Scientists have discovered that replacing amines with phosphonium-based cations can significantly enhance the effectiveness of mRNA-loaded polymeric micelles. This novel approach has led to improved stability and mRNA delivery efficiency of micelle nanocarriers within tumor tissue in living organisms. Their findings emphasize the need to investigate alternative cations for mRNA drug delivery, potentially leading to better treatments for difficult diseases.

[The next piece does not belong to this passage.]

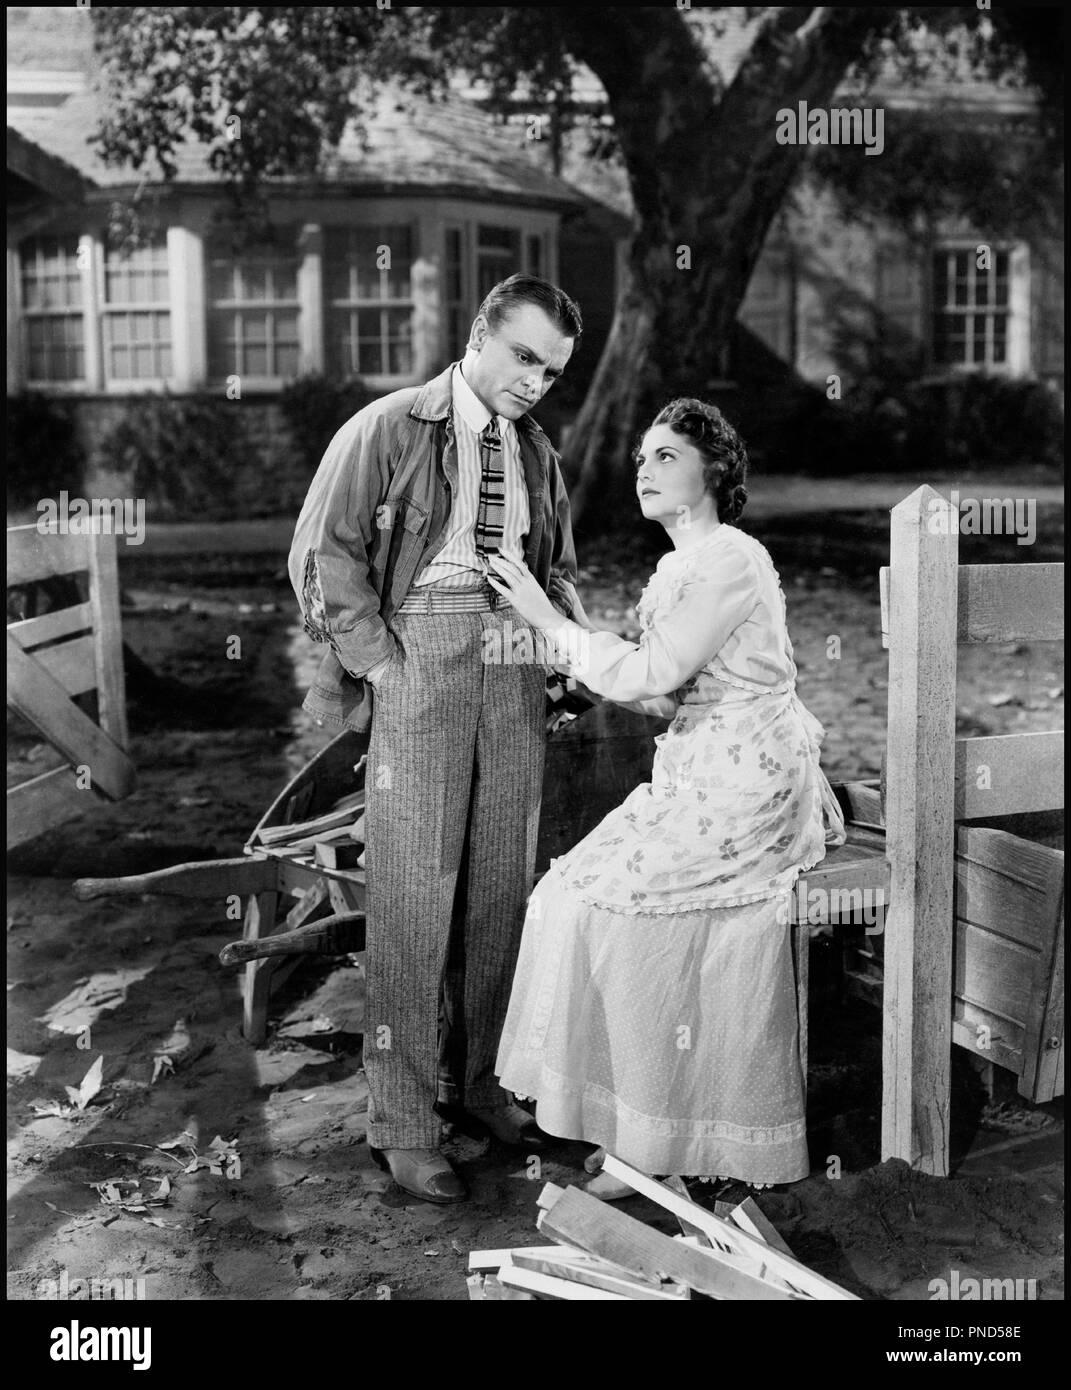 Prod DB © Warner Bros. / DR LA GLORIEUSE PARADE (YANKEE DOODLE DANDY) de Michael Curtiz 1942 USA avec James Cagney et Joan Leslie ruines, desolation, reconforter - Stock Image

Among the various strategies for addressing diseases, influencing gene expression in cells stands out as one of the most effective methods. In recent decades, researchers have developed numerous strategies that utilize messenger RNA (mRNA) to prompt cells to produce specific proteins. These mRNA-based therapies have recently become more prominent, particularly as vaccines for infectious diseases like COVID-19. Beyond that, they offer significant promise for treating cancers and genetic disorders.
Since mRNA is inherently unstable and easily degraded by enzymes within the body, mRNA-based therapies depend on effective drug delivery techniques. The main concept involves encapsulating mRNA molecules in nanostructures that can safely transport them into target cells. Currently, the most commonly studied mRNA nanocarriers consist of amine-containing cationic lipids or polymers, which create small protective spheres to efficiently deliver their contents into cells. However, these existing designs often struggle with stability issues, resulting in increased costs and higher doses needed to achieve the desired effects.

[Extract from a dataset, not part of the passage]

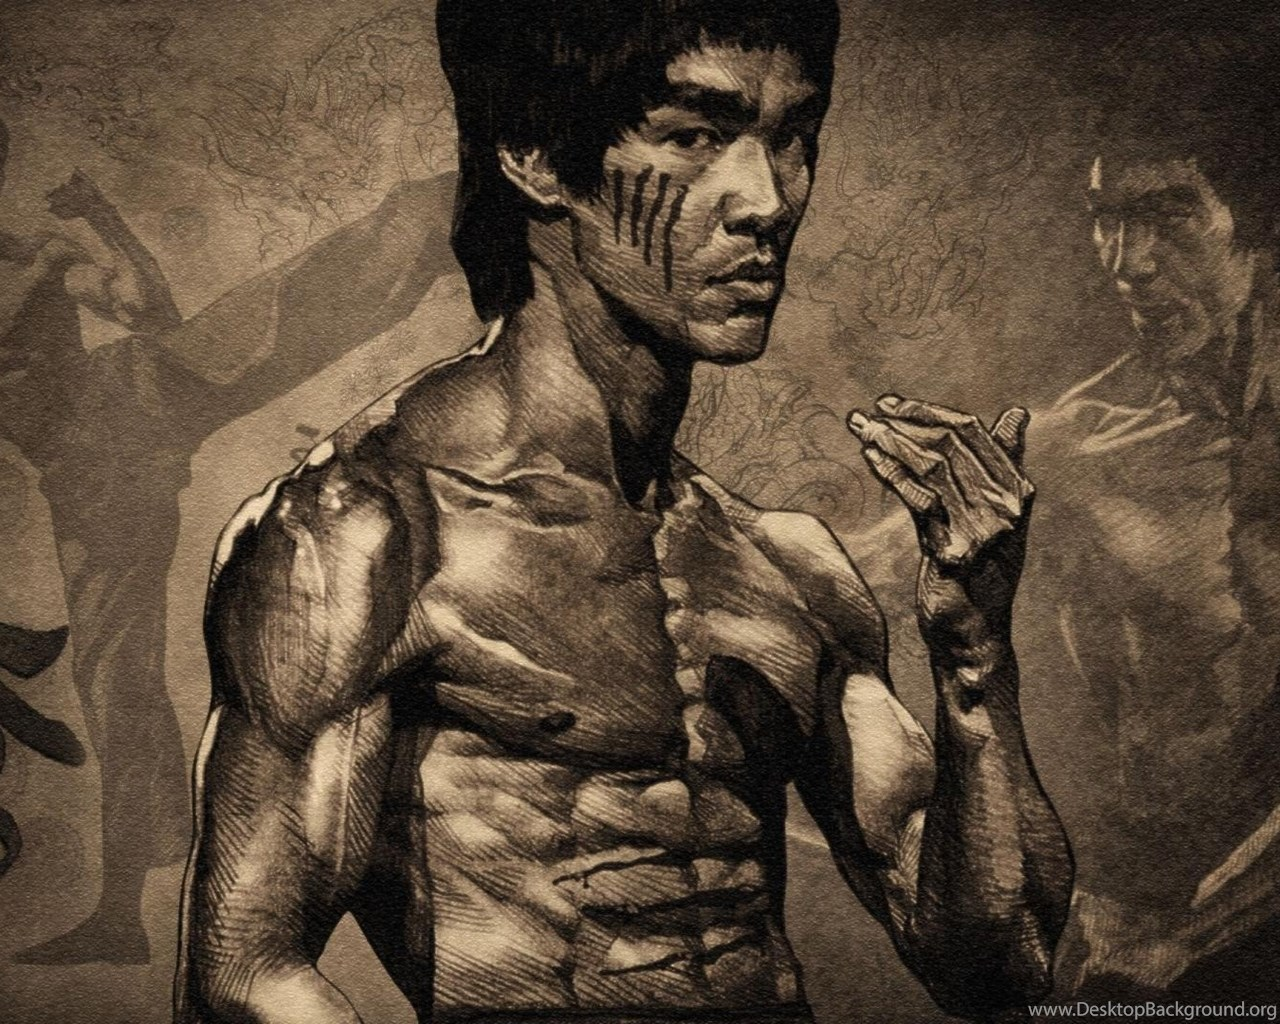 Download Bruce Lee Wallpapers For Iphone Desktop Background

In light of these challenges, a research team from Japan has investigated alternatives to amine-based materials for mRNA nanocarriers. Their recent study, published in Materials Horizons on July 10, 2024, examined the effectiveness of triphenyl phosphonium (TPP) as a substitute for amine groups used to form mRNA-loaded micelles.
“Phosphonium-based cations exhibit distinct ionic characteristics that enhance interactions with anions like mRNA, influenced by their unique charge distribution and binding strength, which differ from those of nitrogen due to the variations in electronegativity between phosphorus and nitrogen,” explained Associate Professor Yasutaka Anraku from the Tokyo Institute of Technology, who led the research. “Additionally, the three phenyl groups help facilitate hydrophobic interactions, ensuring stable mRNA complexation. Therefore, using TPP instead of amines can boost the efficiency of mRNA delivery,” he added.
To test their theory, the researchers created polymeric micelles made from polyethylene glycol (PEG), TPP, and mRNA. They successfully designed a highly effective method to replace the amine groups in PEG-poly(L-lysine) copolymers with TPP. The resulting polymers naturally form a core-shell structure in environments rich in anions due to their hydrophobic nature and charge distribution. Since mRNA is composed of multiple negatively charged phosphates, the positive TPP groups attract these phosphates, promoting high and stable mRNA incorporation within the micelles.
The research team thoroughly evaluated their strategy through extensive analysis, including thermodynamic, physicochemical, and computational methods. They also assessed the ability of the proposed system to deliver mRNA to tumor cells in vivo using a mouse model. “Following intravenous injection, TPP-containing micelles exhibited a remarkable increase in mRNA bioavailability, leading to efficient protein production in solid tumors,” noted Anraku. Remarkably, the experiments demonstrated that the levels of intact mRNA in the bloodstream were significantly higher after 30 minutes when using the TPP-based micelles compared to amine-based ones. Additionally, protein expression in tumor tissues was more than tenfold greater with the TPP micelles.
In conclusion, this groundbreaking approach shows promise for mRNA therapeutics and targeted drug delivery. “As polymeric micelles can be directed to specific tissues by attaching ligands, TPP-bearing polymeric micelles could become a powerful system for mRNA delivery across various tissues,” stated Anraku. With continued development, this technology may lead to effective treatments for some of humanity’s most pressing health challenges.